Am 12. Juni nahm man erstmals Anzeichen eines im Süden oder Südosten liegenden Landes wahr. Man sah bei ruhiger See verschiedene Seegewächse, die nie sehr weit von den Küsten entfernt auftreten, auf einmal in Menge um unser Schiff treiben, auch Seemöwen und andere Vögel, die nie auf offener See beobachtet werden. So war zu vermuten, dass man bei fortgesetztem Kurs in Kürze auf Land stoßen müsste. Doch die Seeoffiziere hörten nicht auf meine vernünftigen Vorstellungen, lachten mich höhnisch aus und schlugen alles in den Wind, was von keinem Seemann ausgesprochen wurde. So wendete man sich mit einem Mal gegen Norden, auf welchem Kurs man zum ersten Mal einen kleinen Sturm auszustehen hatte. Hierbei trug sich das erste Unglück zu, dass nämlich das andere Boot, die »St. Paul«, uns infolge des nebligen und trüben Wetters verlor und auch später auf der ganzen Reise nicht wieder gesehen wurde.
Da man den sich ständig in der Kajüte aufhaltenden Kapitän-Kommandeur nur so viel wissen ließ, wie man für ratsam hielt, gab man auch nicht viel auf die Angaben verschiedener Leute, im Norden Land gesehen zu haben. Die Stimmen der Reuigen ließen sich erst allzu spät hören, als man auf der Rückreise am 24. August auf dem 51. Grad unverhofft und zu aller Schrecken Land erblickte. Die angeblichen Beobachtungen von Land wurden deshalb so gering geachtet, weil es keiner der Seeoffiziere selbst bemerkt hatte und diese es damals auch für eine größere Ehre hielten, das Land weiter anzulaufen, um sich rühmen zu können, sehr weit gewesen zu sein.
Faksimile der Unterschriften von Bering und seinen Offizieren
Nachdem man einige Tage vergeblich das verlorene Schiff gesucht hatte, gab man die Hoffnung auf, es wiederzutreffen; man ging nun wieder vom 50. bis zum 46. Grad nach Süden, in der Hoffnung, entweder die »St. Paul« oder das »Kompanieland« 3zu finden. Da aber beides fehlschlug und sich das gesuchte Kompanieland nun zum zweiten Mal nicht auf der verlangten Stelle eingefunden hatte, hielt man es nunmehr für ein erdichtetes Land und eine Erfindung der Nürnberger Kartenmacher 4.
Denn wenn es vorhanden wäre, müssten entweder unser Schiff oder das des Kapitäns Spangberg 5darüber gesegelt sein. So schlug man also das Kompanieland gänzlich in den Wind und nahm am 18. Juni Kurs nach Osten, ging allmählich immer mehr nach Norden, sodass man auf zwei bis drei Längengrade einen Breitengrad veränderte.

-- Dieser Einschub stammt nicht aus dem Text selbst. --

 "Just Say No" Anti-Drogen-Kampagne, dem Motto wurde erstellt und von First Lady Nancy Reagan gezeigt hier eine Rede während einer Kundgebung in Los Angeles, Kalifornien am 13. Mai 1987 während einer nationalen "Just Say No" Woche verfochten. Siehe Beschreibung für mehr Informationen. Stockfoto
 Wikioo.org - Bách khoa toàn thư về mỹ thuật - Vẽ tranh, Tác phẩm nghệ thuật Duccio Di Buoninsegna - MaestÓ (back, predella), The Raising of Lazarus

Nachdem wir einige Tage diesen Kurs beibehalten hatten, fanden sich auf der Breite von 52 Grad abermals viele Anzeichen eines in unserer Nähe im Norden gelegenen Landes ein, unter dem wir genau vier Wochen, bis zum 18. Juli, liefen, bis wir auf 59 Grad und einigen Minuten nördlicher Breite und 49 Grad in der Länge von Awatscha, also beinah fünfhundert Meilen entfernt, zum ersten Mal wirklich Land erblickten.
Man wundere sich nicht, dass ich die Begebenheiten einer vierwöchigen Reise über eine so große Entfernung derart kurz abgehandelt habe. Der Grund dafür ist, dass man bei beständig günstigem Wind und Wetter nur immer fortlief und nichts als Himmel und Wasser sah. Während dieser Zeit hörte man von den Offizieren immer nur Ausrufe der Verwunderung, wie man sich so grob geirrt habe, da man Kamtschatka nur durch einen engen Kanal von Amerika getrennt glaubte, das nun so weit abgelegen sich befinde! – Die unbescheidene und gemeine Abfertigung vonseiten der Herren Offiziere, die alle gründlichen und zur rechten Zeit angebrachten Erinnerungen und Vorschläge grob und höhnisch verwarfen, hatte zur Folge, dass sowohl mir als anderen der Mund schon längst gestopft war. Bei allem, was wir sahen und zur allgemeinen Wohlfahrt erörtern konnten, war immer rundheraus die Antwort: »Sie verstehen es nicht; Sie sind ja kein Seemann; Sie sind nicht in Gottes Ratsstube gewesen!« – Hier machte ich zum ersten Mal die betrübliche Erfahrung, dass oft die größten und nützlichsten Unternehmungen bei aller Mühe und großen Kosten, bei allen möglichen Hilfsmitteln am Ende kleiner ausfallen, als sie anfangs geplant waren. Man kann nicht anders sagen, als dass die meisten unserer Offiziere während der zehn Jahre in Sibirien, als ein jeder nach seiner Willkür gelebt und sich beim unwissenden Pöbel so viel Rang und Ehre zugelegt hatte, wie er wollte, in den Wahn geraten waren, unfehlbar oder höchst beleidigt zu sein, sobald jemand etwas sagte, was ihnen unbekannt sein sollte.
Ich will hier diejenigen Gründe, aus denen ich lange Zeit schloss, dass wir unter und entlang dem Land segelten, nochmals einem jeden zur vernünftigen Beurteilung vorlegen, so wie ich diese auf unserer Reise den Seeoffizieren vielmals vergeblich dargelegt habe: Man sah des Öfteren und manchmal haufenweise allerlei Seegewächse aus Norden hertreiben. Jedem schien lächerlich und unglaublich, dass man eine Strömung in der See feststellen sollte, obgleich man deren Wirkungen deutlich wahrnahm, da die auf der See schwimmenden Dinge eine deutliche Richtung, auch oft den Winden entgegen, hielten. Ein anderer Grund, aus dem unfehlbar zu schließen war, dass wir unter dem Land waren, ergab sich aus dem häufigen Auftreten von Seetieren, die in freier See nicht gewöhnlich sind. Da wir viele Seehunde sahen, hätte man leicht erraten können, dass Land in der Nähe sein müsste. Einen noch stärkeren Beweisgrund gab uns die ständige Erscheinung des kamtschatkischen Seebibers oder Seeotters, weil dieses Tier sich ausschließlich von Seekrebsen und Schalentieren ernährt. Der Seeotter ist ein Amerika zugehöriges Tier und nur ein Fremdling auf Kamtschatka. Ferner sahen wir zu verschiedenen Zeiten Schwärme von Möwen auf der See sitzen, die sich doch besonders im Juni nahe den Küsten zu halten, wo die Fische aus dem offenen Meer gegen das Land und die Flüsse aufsteigen und ihnen die reichlichste Nahrung geben.